A realização de uma meta – A concretização de um objetivo

Desde os primórdios, podemos observar o interesse de Deus em fazer conhecer aos homens sua soberana vontade, através da criação, promessa abrâmica, anunciação da salvação por meio de seu Filho Jesus e criação para Si de um povo santo, que o adore livremente, por espontânea vontade, reconhecendo seu amor infinito e “constrangedor” (5).

Através de Jesus, Deus cumpriu uma das maiores promessas feita à Abrão, sobre seu “descendente”(6), permitindo com que Jesus cumprisse a analogia feita a mais de 4000 mil anos  e sendo crucificado num local provável ou bem perto do próprio local onde Abraão teve sua fé provada com a petição de seu único filho em sacrifício ao Senhor (7).

Jesus, por sua vez, diferindo da provisão do cordeiro a Abraão, não teve qualquer provisão e levou sobre si nossas doenças e nossas maldades repassadas pelo primeiro homem – Adão. (8)

Fora então substituído o sacrifício de cordeiros e outras aspersões, pelo maior de todos, sacrifício de Jesus – “que como cordeiro não abriu a sua boca”(9). Quebrou a tradição – “não mais rasguem suas vestes, mas agora rasguem os vossos corações” (10) – não mais ofereçam sacrifícios vivos, mas sim apresentem “os vossos corpos como sacrifício vivo, santo e agradável a Deus”(11).

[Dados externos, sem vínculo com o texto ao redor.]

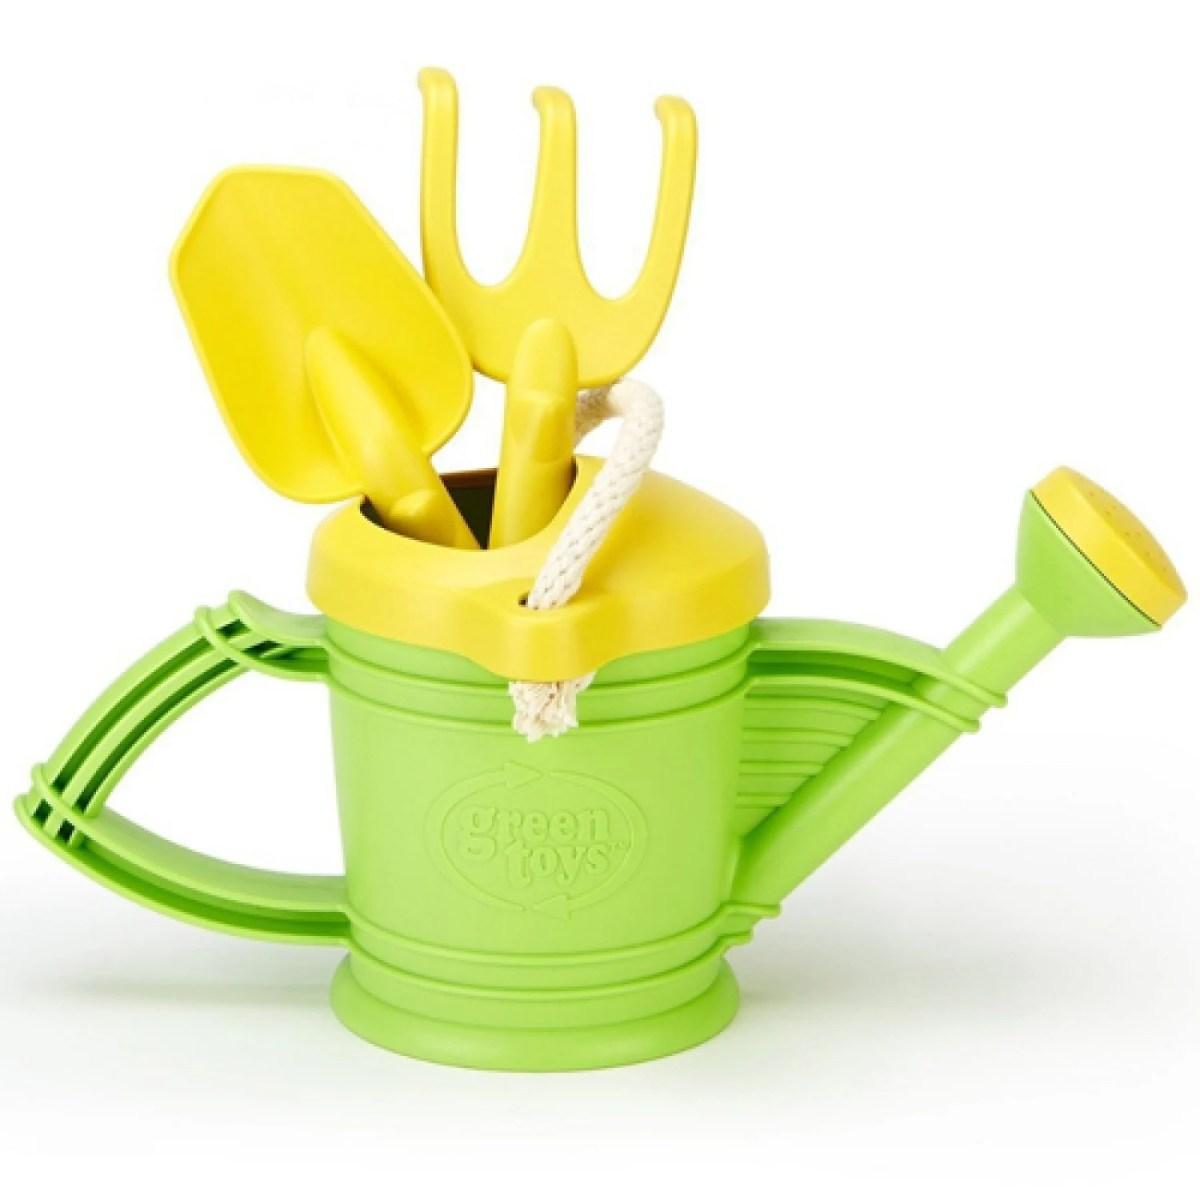 Green Toys - Gieter Groen

Para transmitir sua mensagem utilizou frases e conceitos impactantes como o “nascer de novo” (12) a “água viva” (13) – Jesus nos mostrou que as coisas sabias dEle, fariam confundir as coisas vis e loucas deste mundo (14). Temos fortes motivos para acreditar que se Jesus viesse em nossa época ele quebraria algum de nossos “costumes”, para chamar a atenção e tornar a priorizar nossos reais objetivos como “corpo”.

Sua ordenança sobre a evangelização não foi um mandado de última hora, do tipo: “Ah!, antes que eu acenda ao meu Pai, tenho uma última “coisinha” para falar: “Falem de mim para outras pessoas””. Pelo contrário, Jesus veio para cumprir o Plano Divino, pregou o plano divino através da expansão do evangelho aos judeus e aos gentios, viveu este plano, cumpriu e deixou em todos os momentos bem claro que a nossa maior responsabilidade é MISSÕES, não somente onde moramos, mais também na Judéia, Samaria (terra dos gentios), e até os confins da terra (15). ( permitam-nos acrescentar: Também aos tuaregues (povo do deserto no Níger e Norte da África), aos Wodaabes, aos Sikis, aos “novos sauditas”, aos Bérberes, aos Fulas, e até aos Lisus na China “da perseguição” – enfim a todos – não deixando também de anunciar obviamente aos nossos vizinhos.